Is there an orientable closed compact $3$-manifold such that its fundamntal group is $\mathbb{Z}$?
Solution 1:
If $M$ is a closed oriented $3$-manifold with $\Bbb Z^2$ fundamental group, then pass to the universal cover $\tilde{M}$ and note that $\pi_2(\tilde{M}) = 0$ as otherwise by sphere theorem there would be an embedded sphere contained in $\tilde{M}$, which by the covering map descends to a homotopically nontrivial embedded sphere in $M$, i.e., $M$ is not irreducible. Unless $M = S^2 \times S^1$, in which case the fundamental groups don't match, it's not prime either, forcing $M$ to be a connected sum. But that forces $\pi_1$ to be a free product which $\Bbb Z^2$ isn't (Note: Actually, we're using Poincare conjecture here: if $M = M_1 \# M_2$ then $\Bbb Z^2$ is $\pi_1(M_1) * \pi_2(M_2)$, which without loss of generality implies $\pi_1(M_1) = 0$, so $M_1$ is a simply connected closed $3$-manifold, i.e., $S^3$, so $M$ cannot be decomposed as a nontrivial connected sum. But I think this can be avoided by arguing by prime decomposition theorem that $M$ is a connected sum of $S^2 \times S^1$ with a bunch of homotopy $3$-spheres, which doesn't have fundamental group $\Bbb Z^2$ anyway)
By Hurewicz theorem $\pi_3(\tilde{M}) = H_3(\tilde{M})$, also zero as $\tilde{M}$ is noncompact $3$-dimensional. All the higher homology groups, hence the higher homotopy groups by Hurewicz, are subsequently zero. This implies $\tilde{M}$ is contractible, hence $M$ is a $K(\pi, 1)$-space, but as $\pi_1 = \Bbb Z^2$ here and $K(\Bbb Z^2, 1)$ is homotopy equivalent to $T^2$, $M$ must be homotopy equivalent to $T^2$. But $\Bbb Z = H_3(M) \neq H_3(T^2) = 0$ so that can't happen. There are no closed oriented $3$-manifolds with $\Bbb Z^2$ fundamental group.
$S^1 \times S^2$ is the unique closed oriented $3$-manifold with fundamental group $\Bbb Z$ by following a same trail of arguments as above: if $\pi_2(\tilde{M}) \neq 0$ then there's a homotopically nontrivial embedded sphere in $M$. If you put aside the case $M = S^2 \times S^1$, that forces $M$ to be non-prime, i.e., $\pi_1$ is a nontrivial free product, which again $\Bbb Z$ isn't. The rest of the argument to show there are no other cases is identical.

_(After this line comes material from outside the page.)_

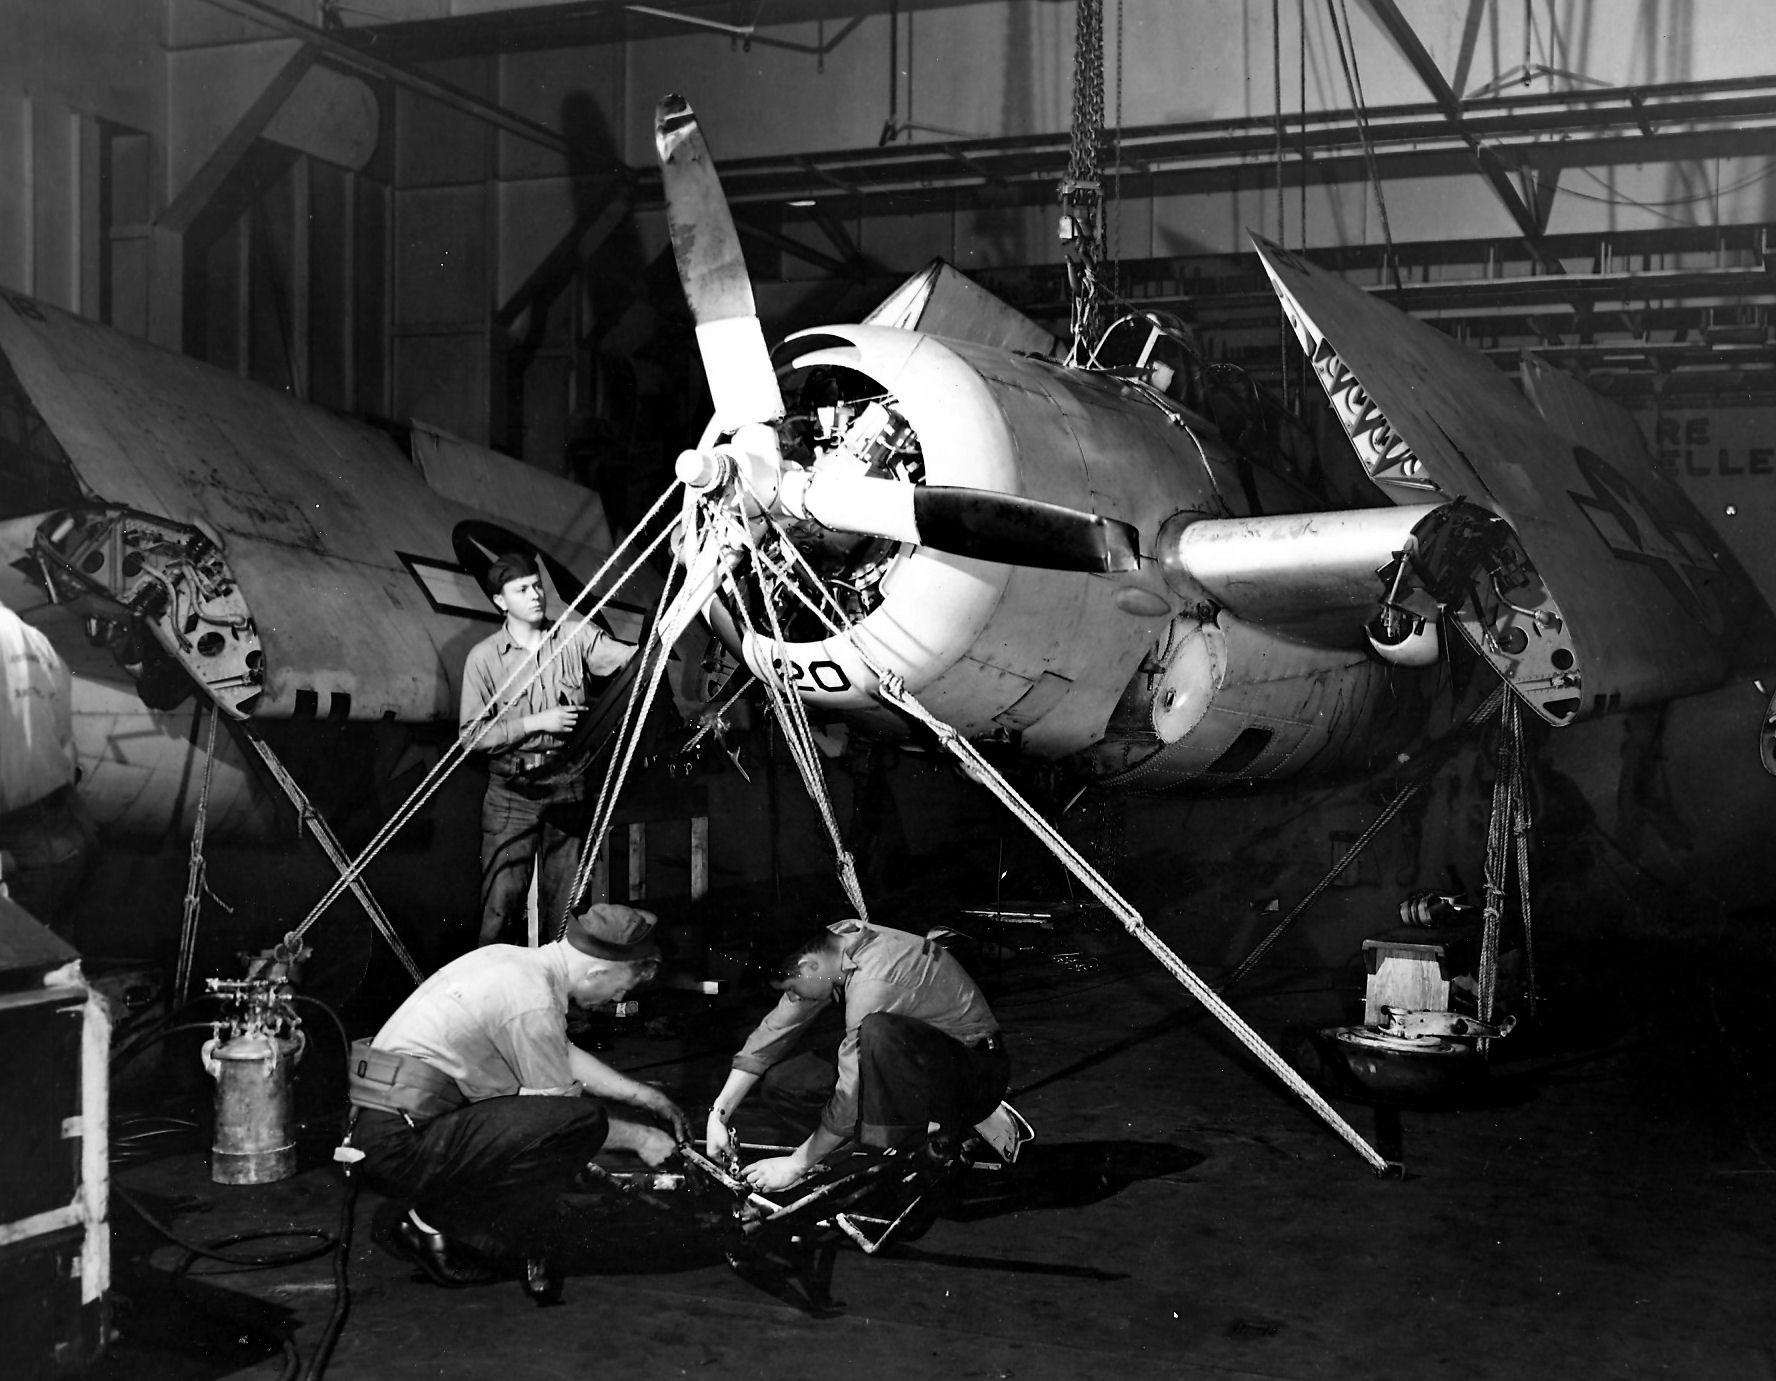 Aircrew Ensign R K Rountree photo series FM 1 Wildcat Black 20 landing gear repairs April 1944 01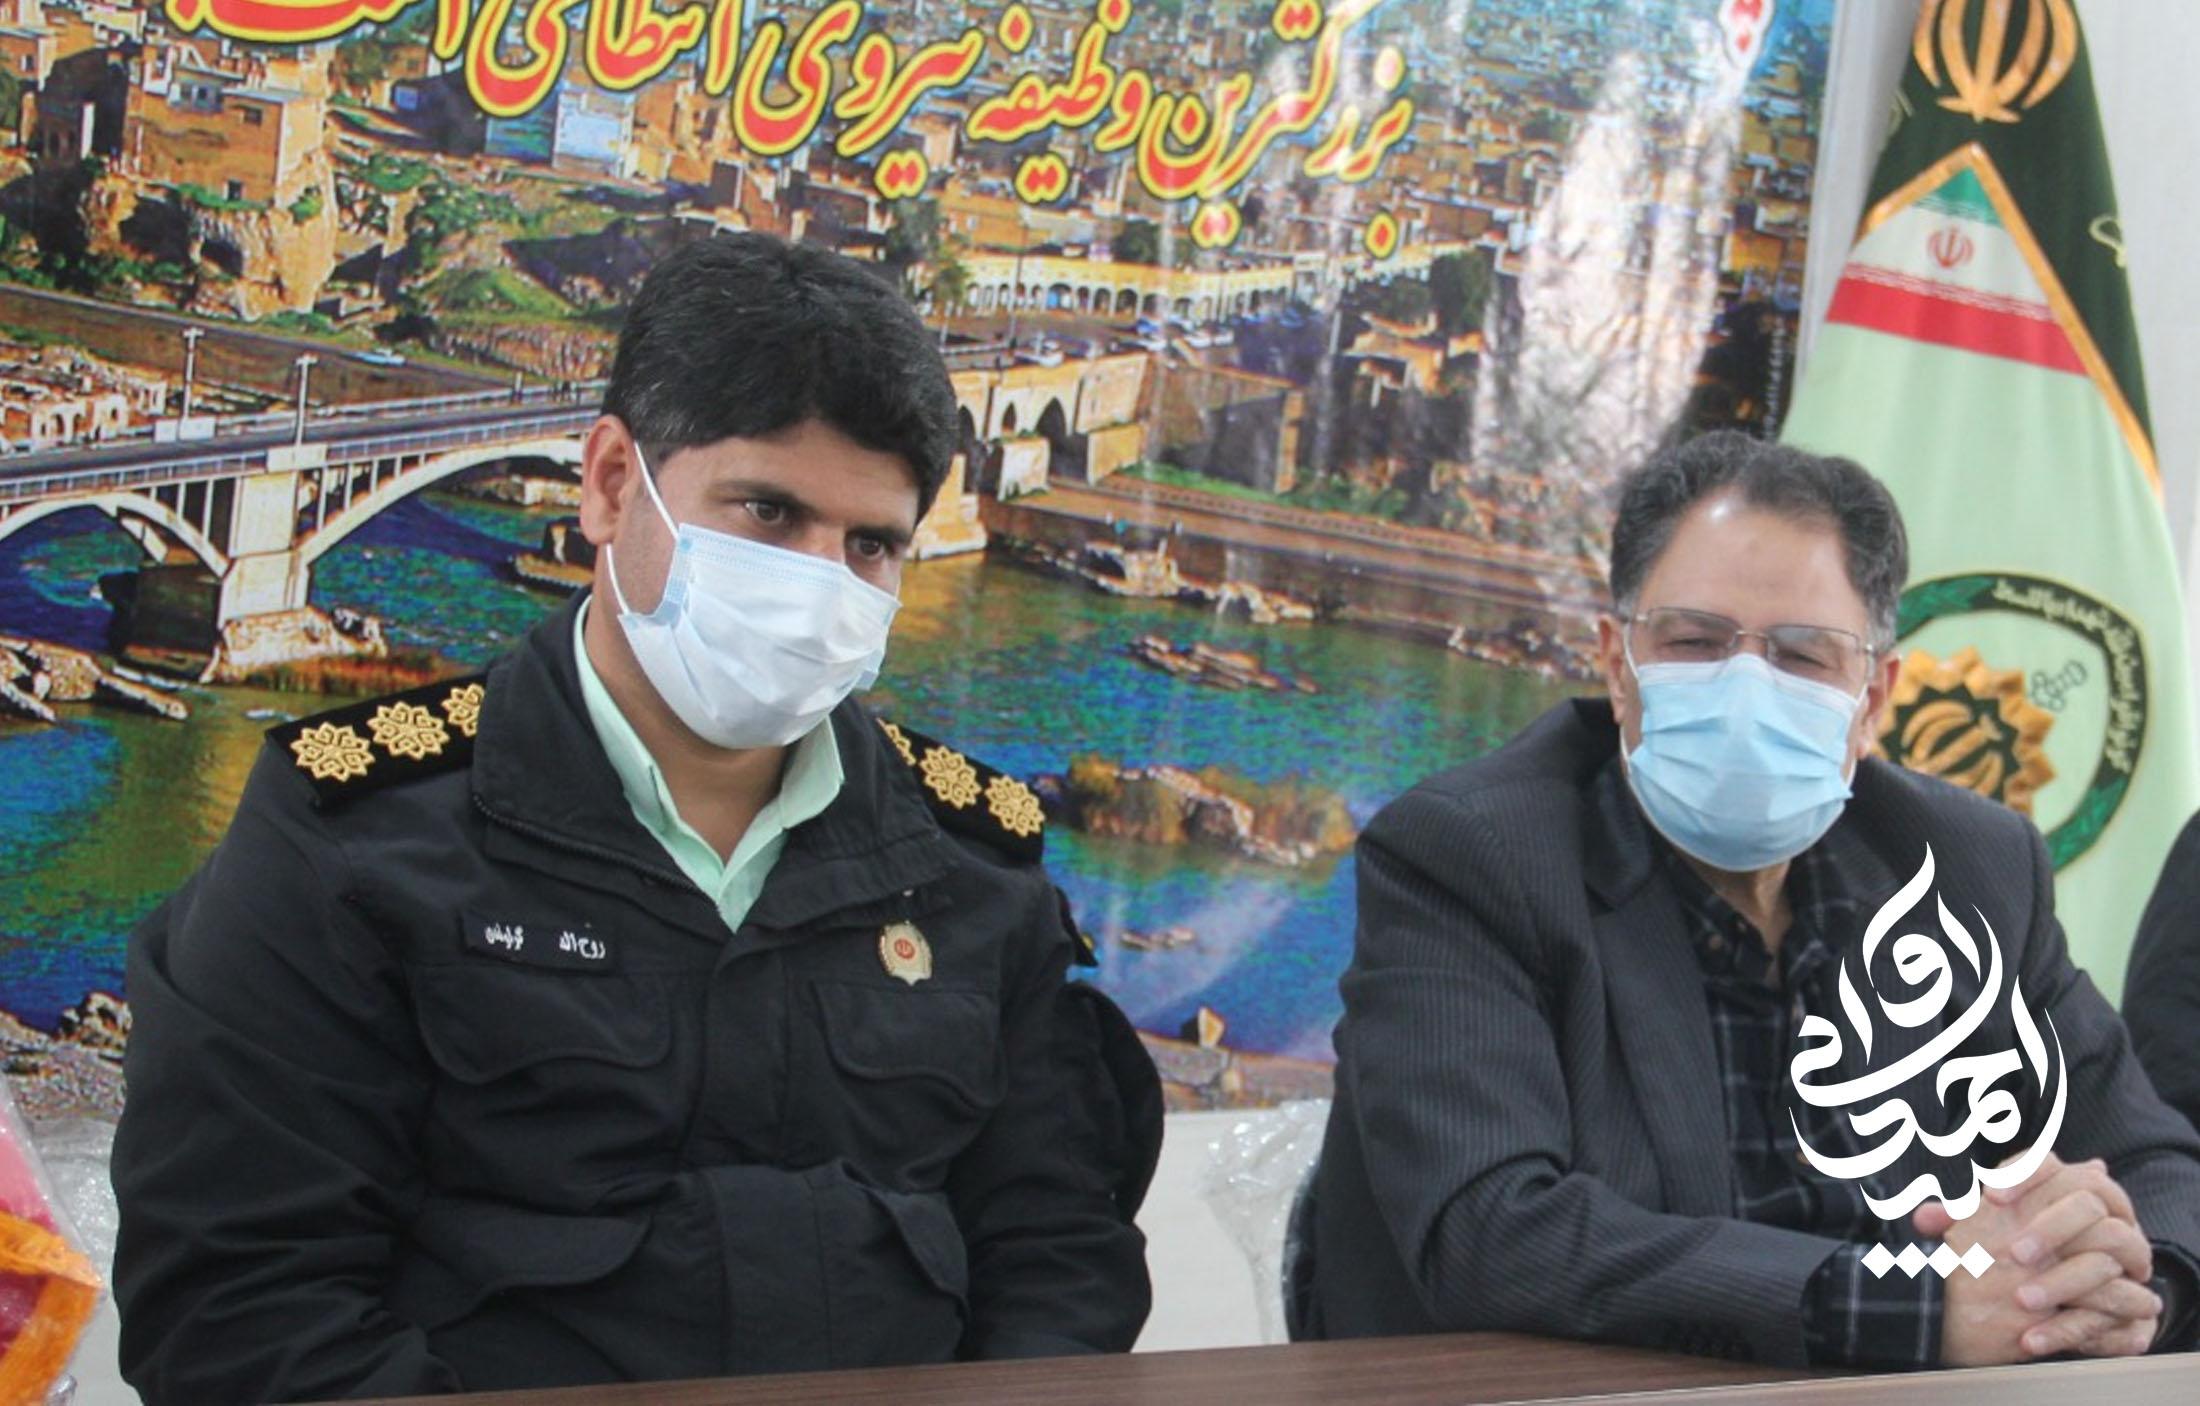 ارتقا سطح نیروی انتظامی اقدامی کلیدی در راستای توسعه امنیت شهرستان دزفول

Here's a sketch of an argument for why $S^2 \times S^1$ is the unique prime non-irreducible closed oriented 3-manifold. Suppose $M$ is prime non-irreducible, then there's a homotopically nontrivial sphere $S$ in $M$ that doesn't bound a ball. Take an embedded closed $\epsilon$-neighborhood $S \times [-1, 1]$ of $S$ in $M$ and let $\gamma$ be an arc from $S \times \{-1\}$ to $S \times \{1\}$ which doesn't intersect $S$; this exists because $M \setminus S$ is not disconnected ($M$ is prime!). Take union of $S \times \{-1, 1\}$ with an embedded unit normal bundle of $\gamma$ (which has to be diffeomorphic to $[0, 1] \times S^1$ fixing the boundary, i.e., an "orientation-preserving tube", because $M$ is oriented) to obtain another embedded sphere in $M$ whose interior is union of a tubular neighborhood of $S$ and a tubular neighborhood of $\gamma$ which deformation retracts to $S^2 \vee S^1$. This new embedded sphere has to bound a $3$-ball in the exterior, as $M$ is prime. This gives a CW-decomposition of $M$ as a $D^3$ attatched to $S^2 \vee S^1$, and it's not too hard to check this is indeed $S^2 \times S^1$.